───── GIVEN DATA ─────

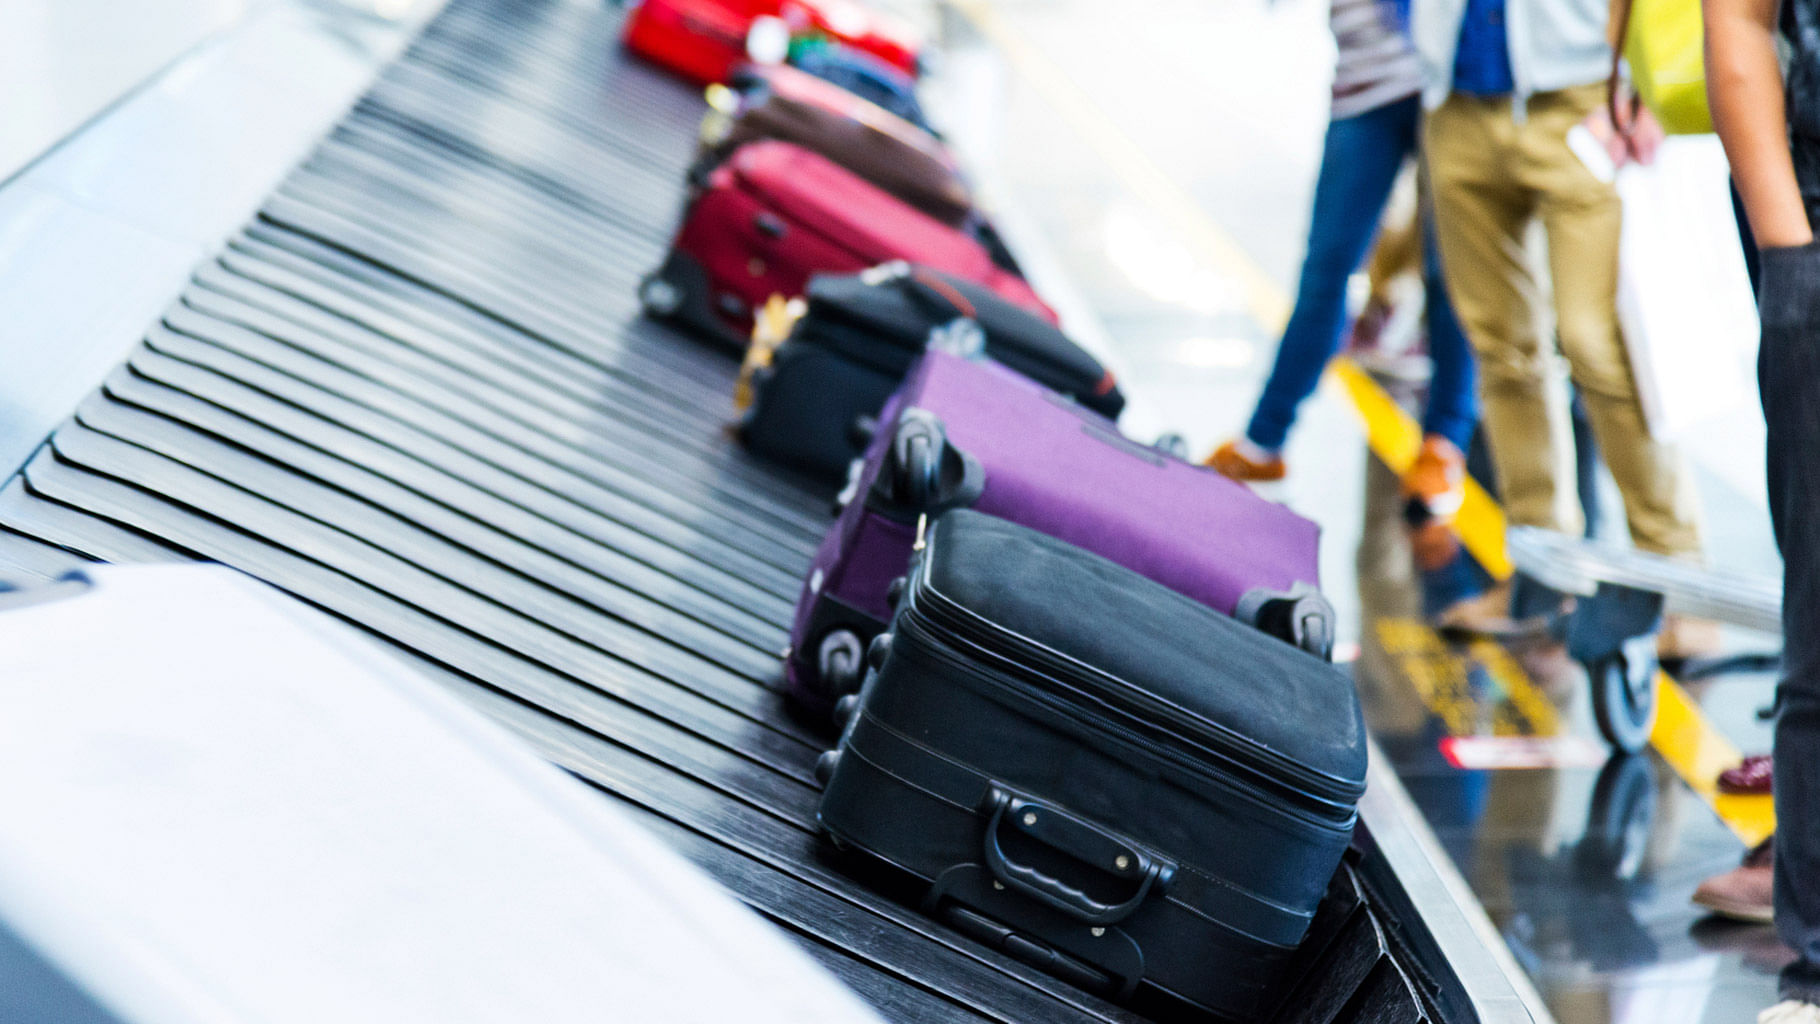 All domestic airlines allow free checked-in baggage up to 15 kg. (Photo: iStockphoto)
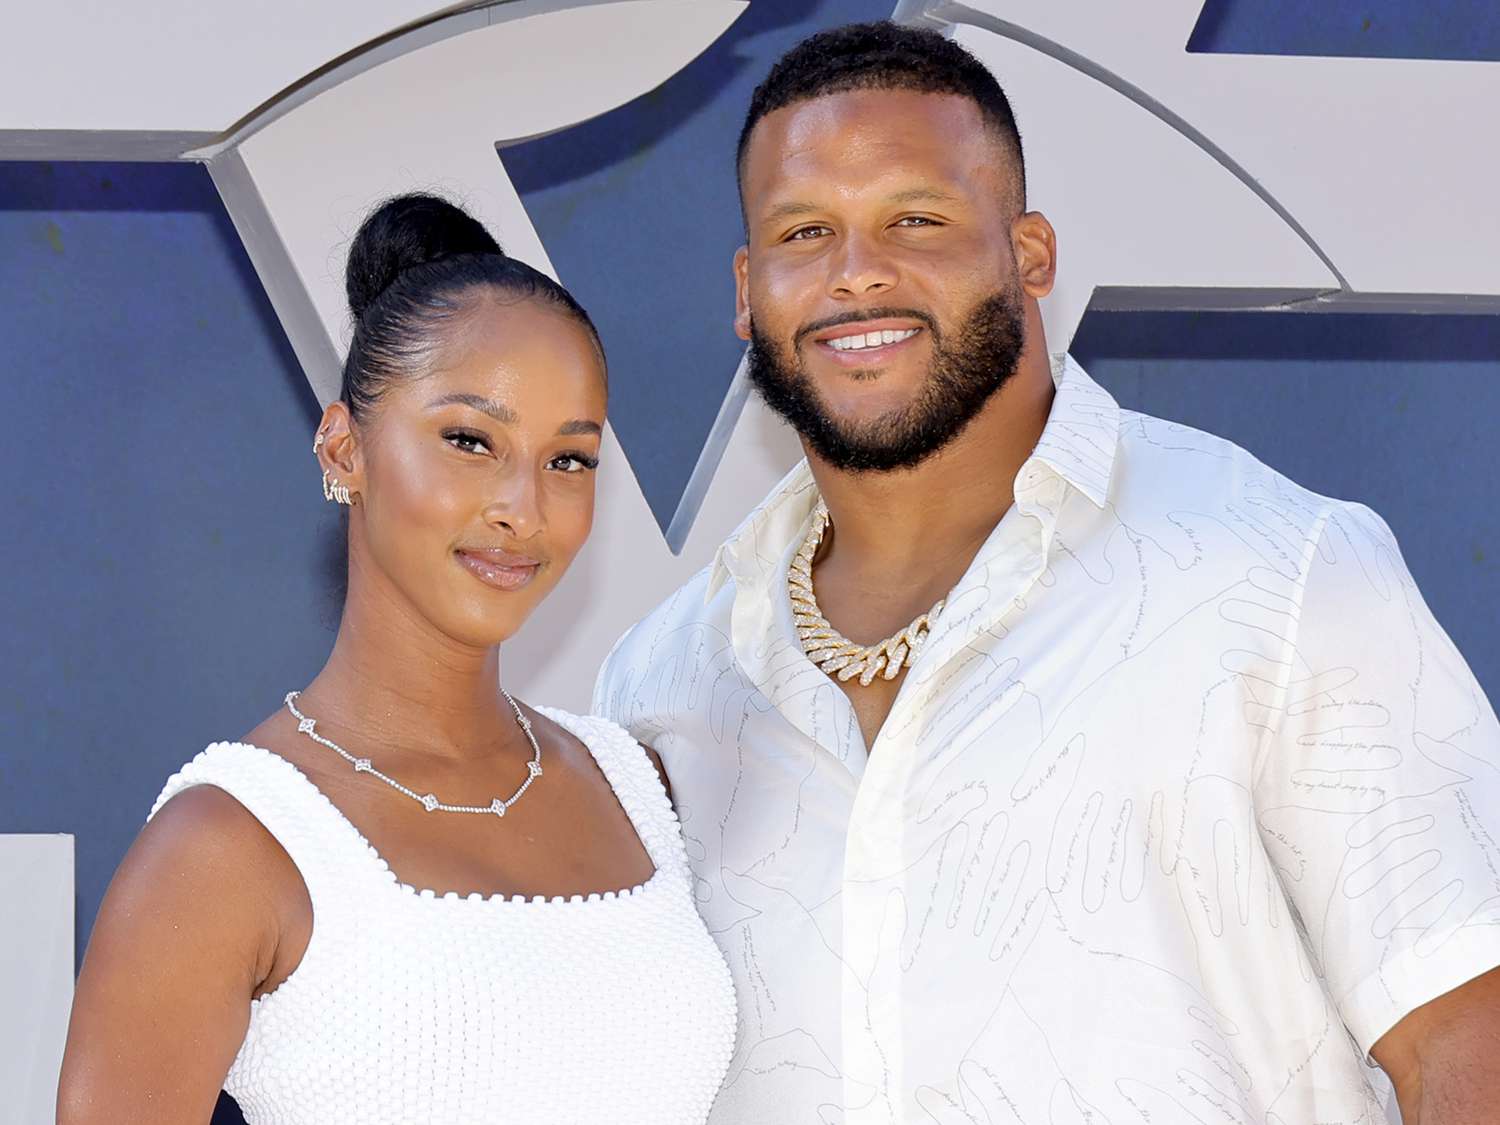 Erica Donald: The Wife, Marketing Manager, and Fitness Enthusiast of Aaron Donald
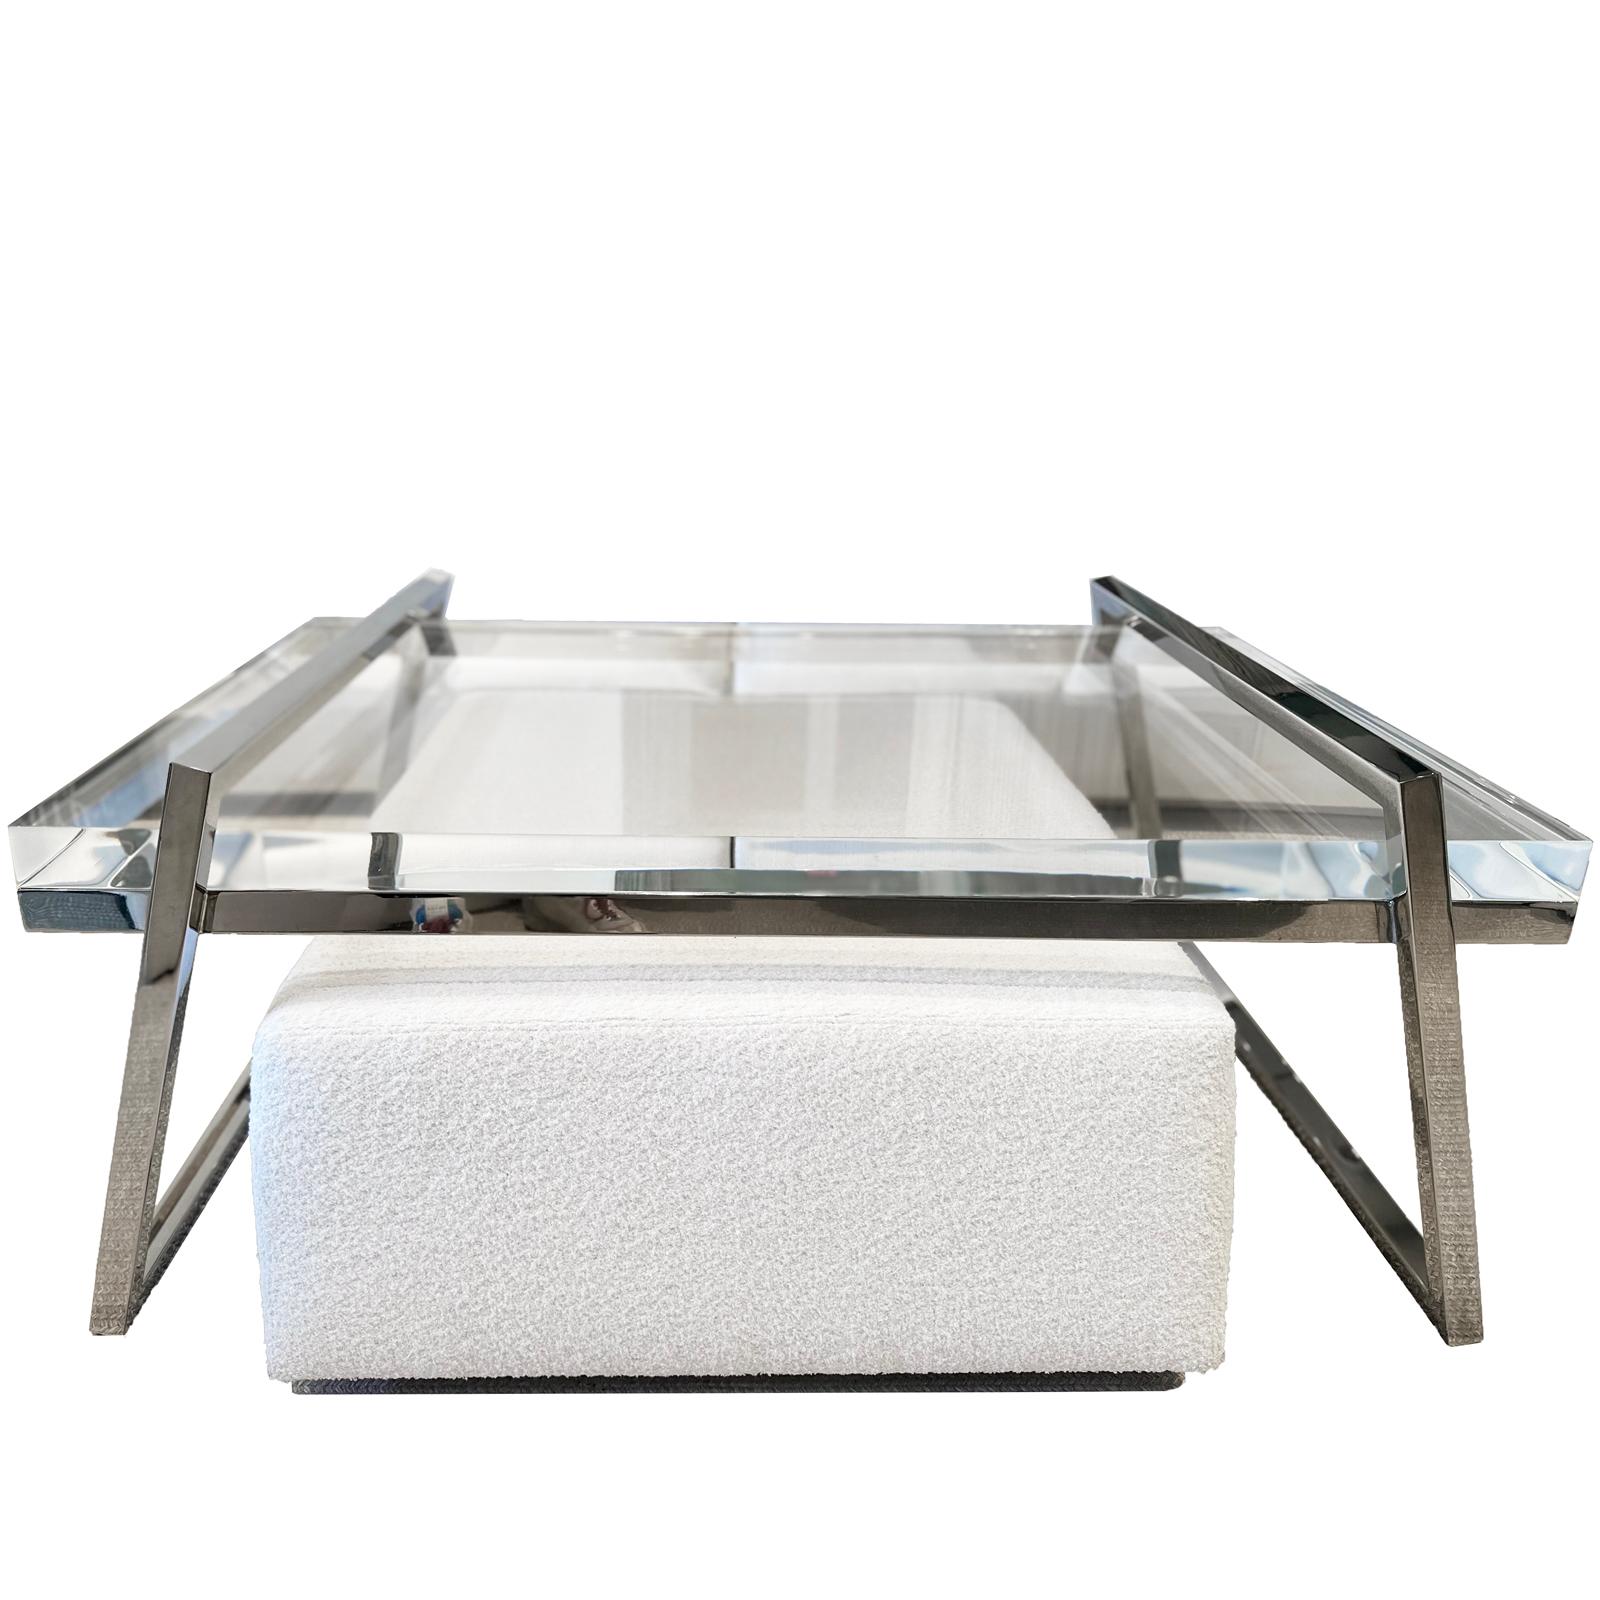 Inspired by the Brooklyn Bridge Shape, the New Yorker Coffee table combines opulent metal options with a pristine 2

─────

WHAT THE EXERCISE ASKS: Leave the pictures out and output the rest of the listing exactly.

TASK SOLUTION:
 All domestic airlines allow free checked-in baggage up to 15 kg. (Photo: iStockphoto)
 Erica Donald: The Wife, Marketing Manager, and Fitness Enthusiast of Aaron Donald
 Inspired by the Brooklyn Bridge Shape, the New Yorker Coffee table combines opulent metal options with a pristine 2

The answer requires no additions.